**WHAT THIS TASK INVOLVES:**
Write out exactly the lines below that run from the one containing "UDIY Women Tennis" through the one containing "Cordani HermesCheap and", both included, with no other lines.

**SUPPLIED ENTRIES:**
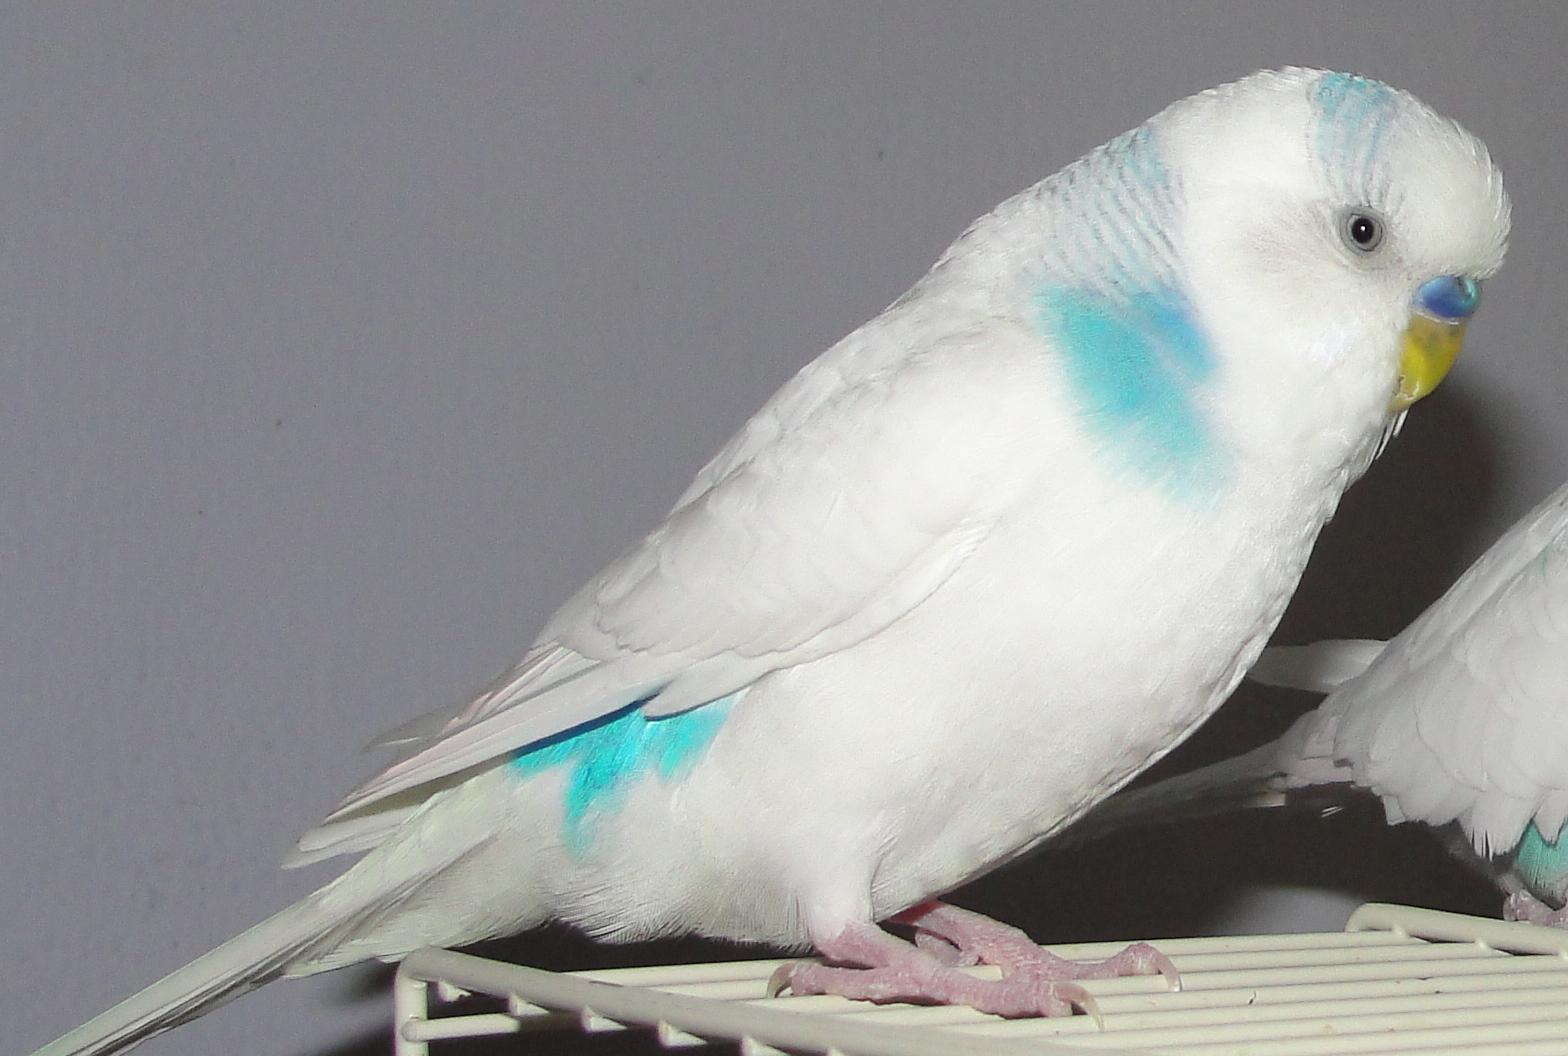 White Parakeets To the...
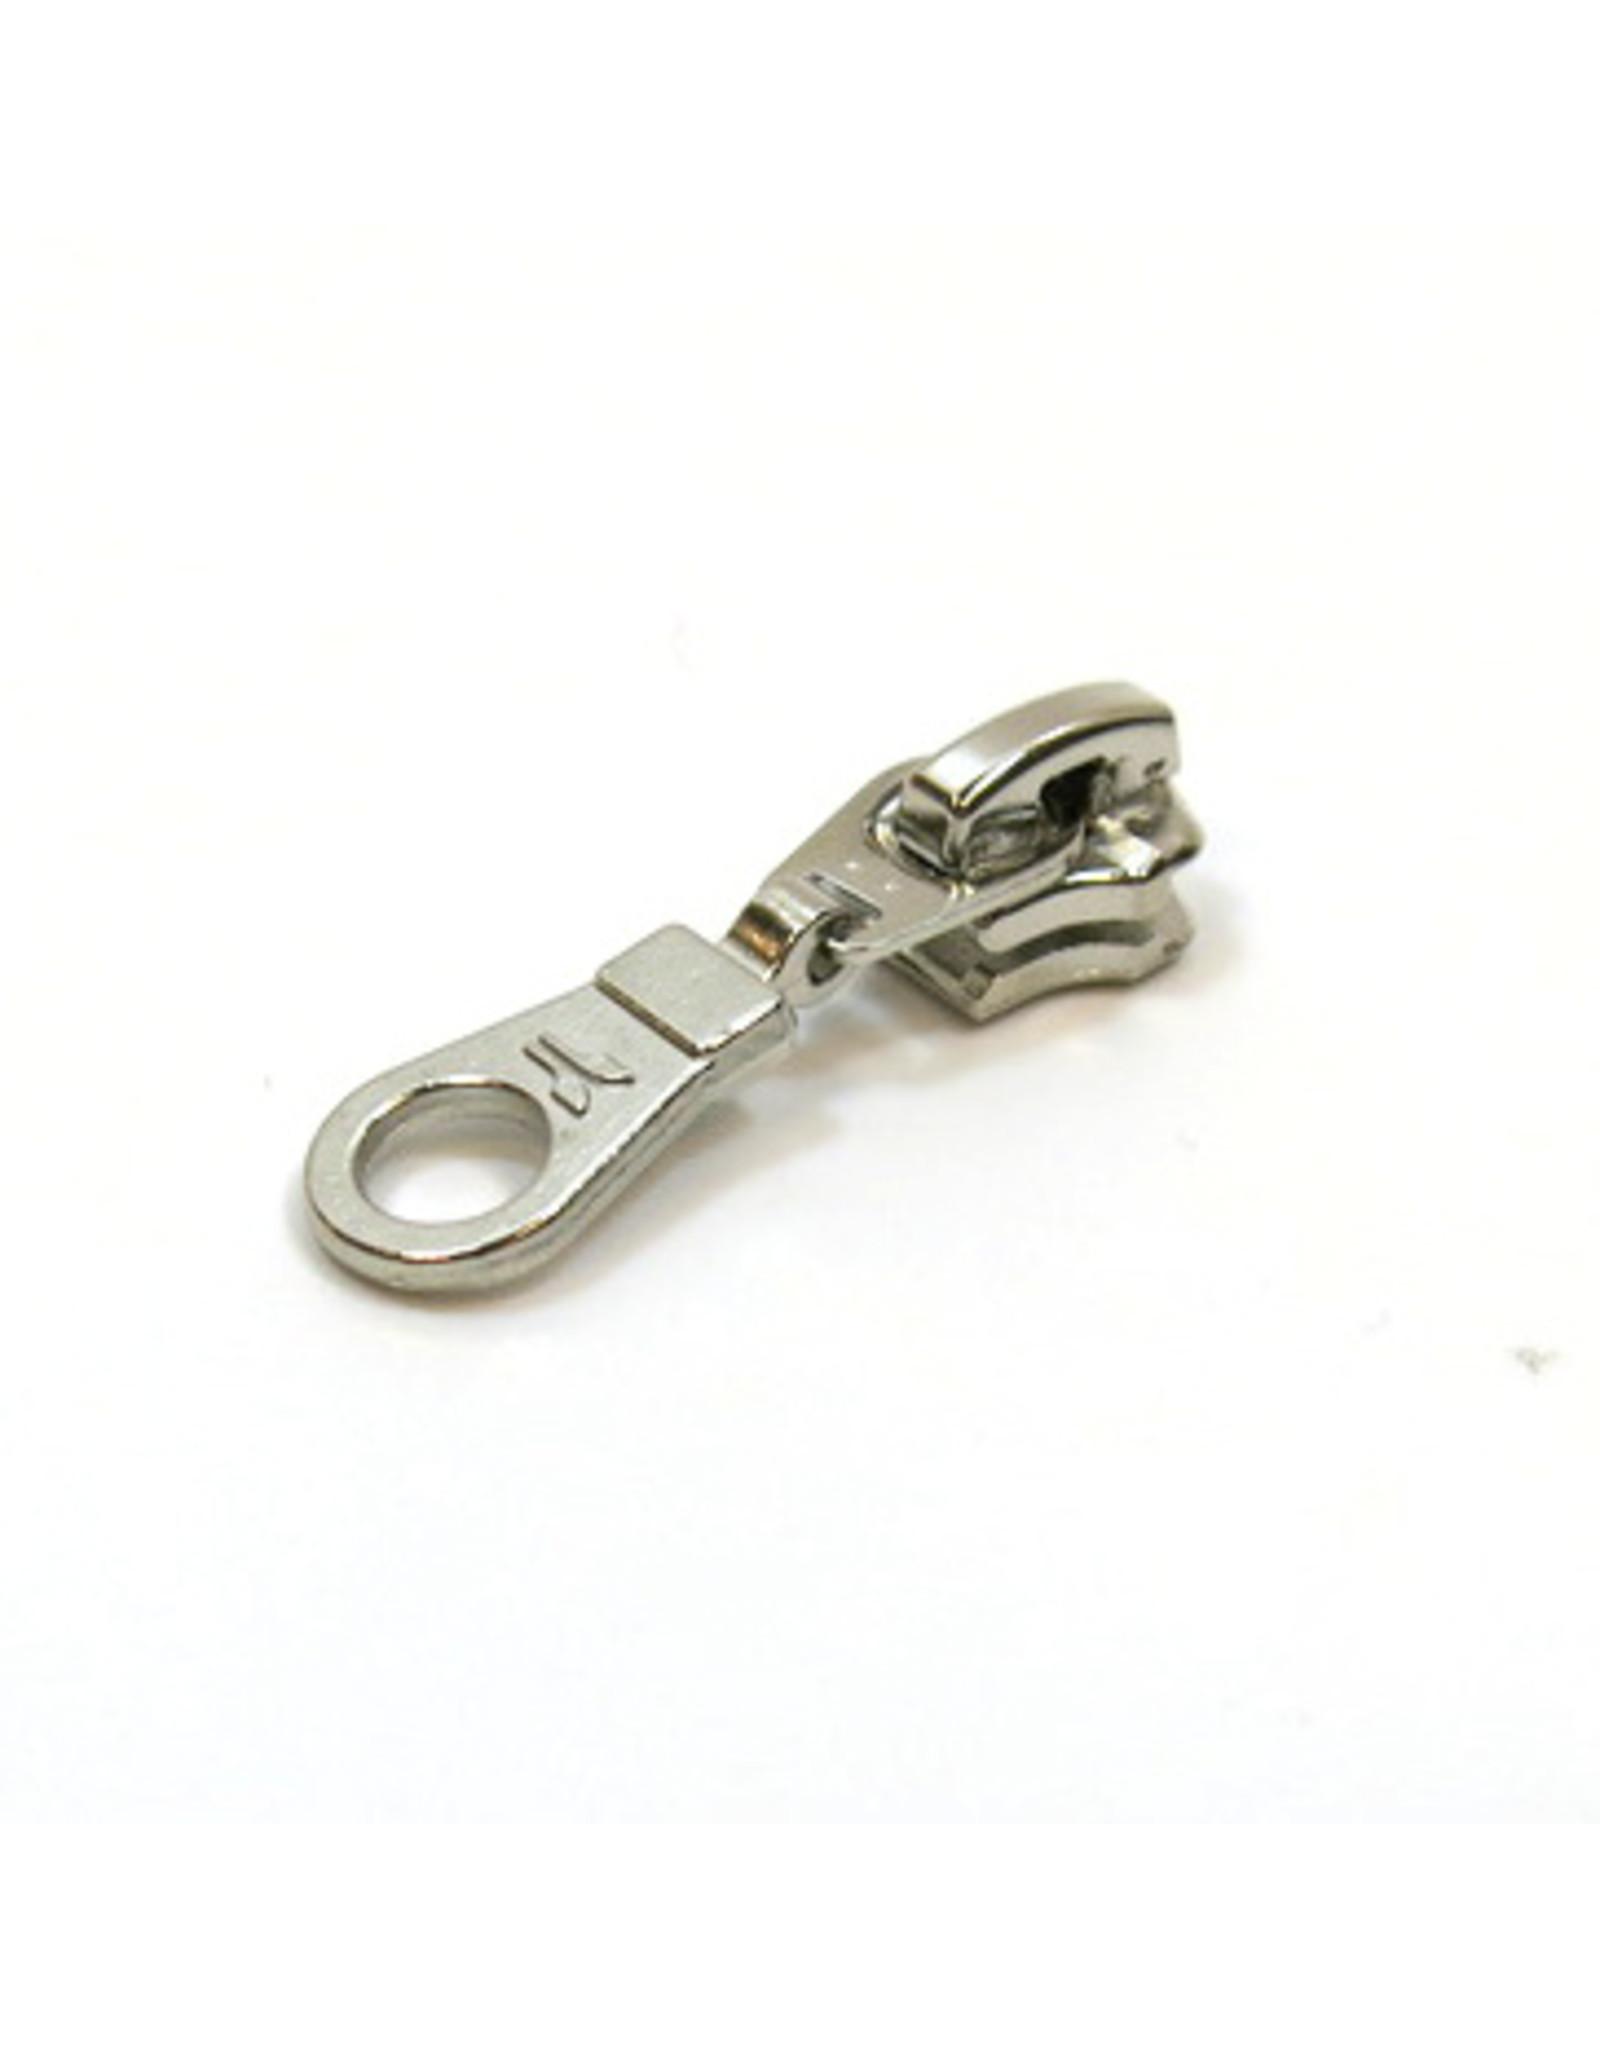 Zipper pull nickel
--
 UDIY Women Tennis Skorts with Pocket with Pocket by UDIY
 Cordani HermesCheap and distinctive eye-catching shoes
...
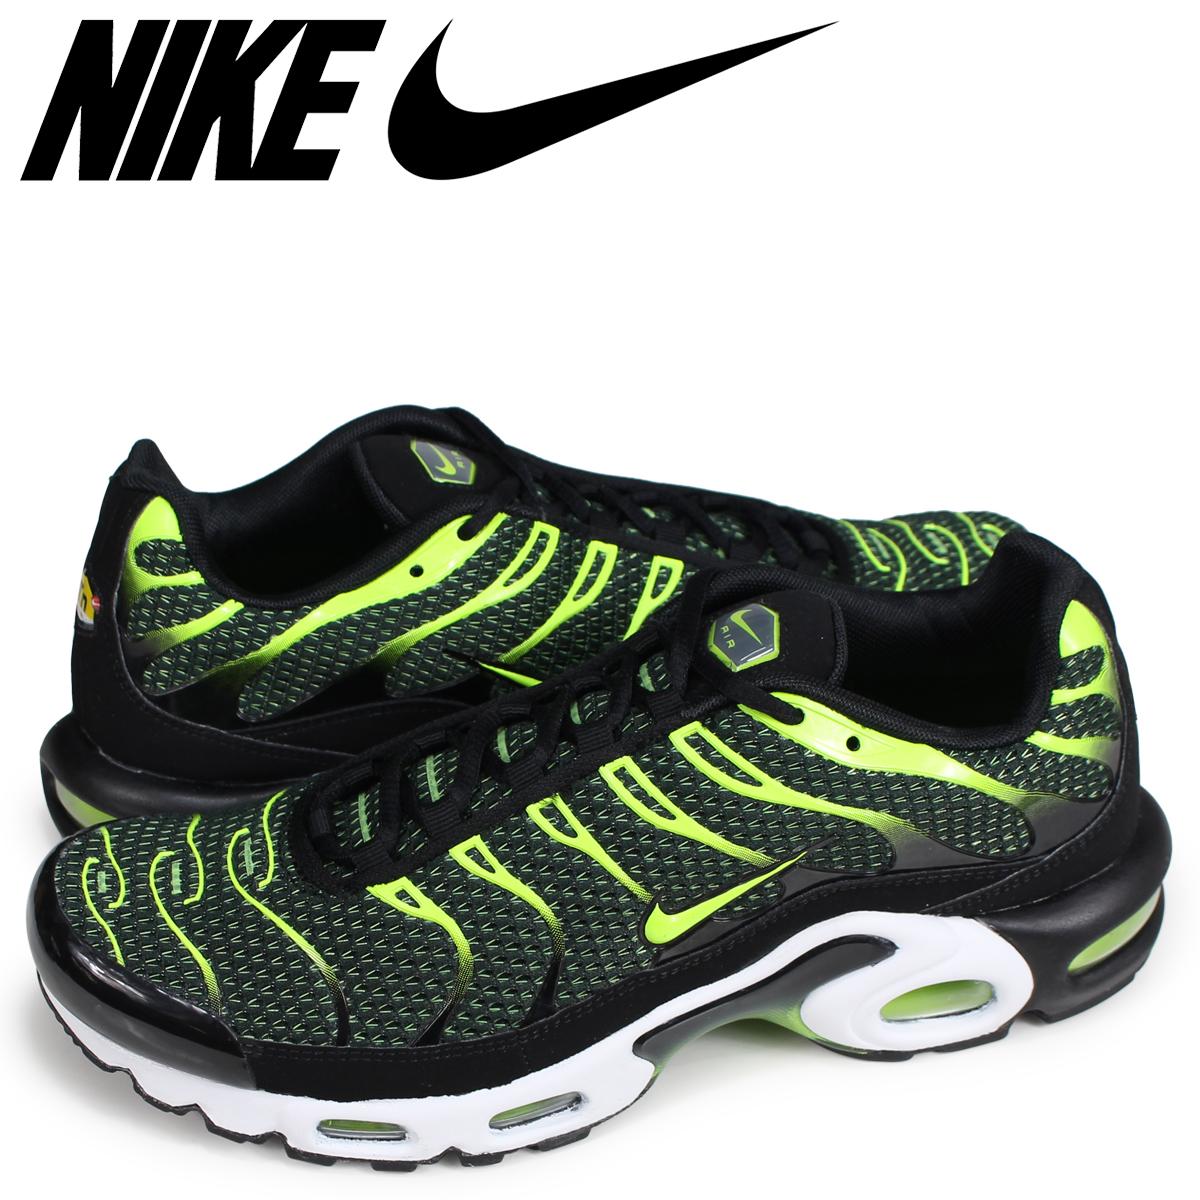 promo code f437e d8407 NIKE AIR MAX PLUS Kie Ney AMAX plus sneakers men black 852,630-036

**RESULT:**
 UDIY Women Tennis Skorts with Pocket with Pocket by UDIY
 Cordani HermesCheap and distinctive eye-catching shoes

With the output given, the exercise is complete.